Em entrevista a este repórter, em 2008, o deputado federal Nilson Pinto (PSDB/PA), doutor em geofísica, ex-reitor da Universidade Federal do Pará (UFPA), afirmou: “A Hidrovia do Marajó é uma obra de infraestrutura fundamental para o estado do Pará, promovendo a ligação mais eficiente entre Belém e Macapá, passando pelo centro da ilha do Marajó e economizando horas de viagem. Essa obra, que é simplíssima, enfrenta percalços por falta de conhecimento, pelo excesso de zelo gerado pelo desconhecimento de algumas autoridades. 

O Ministério Público entende que a obra criaria problemas ambientais e tem procurado impedir de todas as formas que seja realizada, e tem conseguido isso, até agora. Há excesso de zelo de um lado e desconhecimento de causa por outro lado. Tem-se apenas de construir um canal de 32 quilômetros, numa região plana, desabitada, sem, absolutamente, nenhum tipo de problema que possa surgir com a construção do canal. A obra se resume, praticamente, na construção do canal. 

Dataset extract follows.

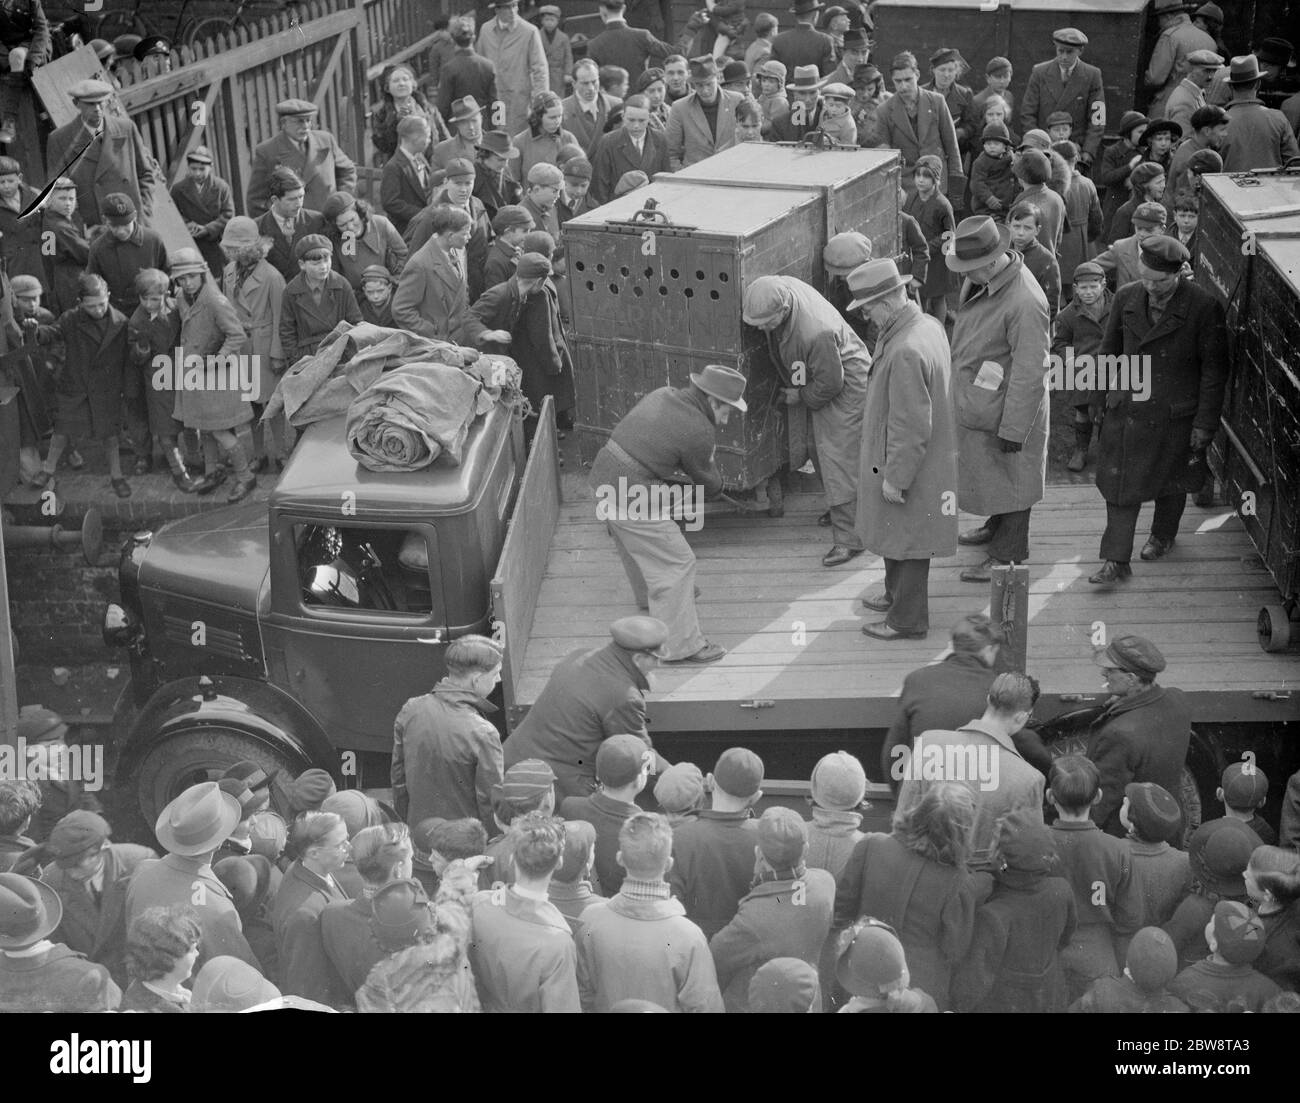 Camiones de Penfold que entregan los leones en caja a los sidings del ferrocarril para cargar en los trenes para el transporte. Una gran multitud observa como los hombres descargan uno de los leones de la parte trasera del camión. 12 de febrero de 1938 Foto de stock

“Para quem acha que isso é algo portentoso e agressivo ao meio ambiente, eu recomendo que faça uma visita, in loco, ou pela internet, ao canal Reno-Danúbio, na Alemanha, concluído há várias décadas e que liga a bacia do rio Reno à bacia do rio Danúbio. O Reno deságua no Mar do Norte. O rio Danúbio deságua no Mar Negro. Assim, os alemães ligaram o Mar do Norte ao Mar Negro. Trata-se de um canal de 171 quilômetros de extensão, com 66 eclusas, com desníveis fantásticos, tudo em plena operação, no coração da Alemanha, avançando por terras que têm toda uma história pretérita, que vem do tempo do Império Romano, passando por preciosidades arqueológicas e pelo coração de um país que tem um amor pela questão ambiental fantástico. A obra foi feita no meio da Alemanha e não gerou absolutamente nenhuma reclamação, no país que mais cuida do meio ambiente no mundo. 

“Para fazer uma obra cinco vezes menor, de impacto ambiental mil vezes menor, na ilha do Marajó, nós temos um problema terrível com o Ministério Público. Eu não acredito que seja por conhecimento de causa, o que mostraria que essa obra não causará praticamente nenhum impacto ambiental. Acredito, sim, que é desconhecimento de quem acha que vai preservar a Amazônia impedindo que as pessoas que nela moram de ter melhores condições de sobrevivência. É um enorme equívoco do Ministério Público, que não tem competência técnica para opinar e está exorbitando da sua função. Deveriam se basear nos trabalhos dos órgãos técnicos competentes nessa área e não emitir pareceres apenas para defender uma posição aparentemente de defesa da Amazônia, do meio ambiente, mas que, na verdade, é uma posição absolutamente retrógrada, que nada tem a ver com desenvolvimento sustentável. 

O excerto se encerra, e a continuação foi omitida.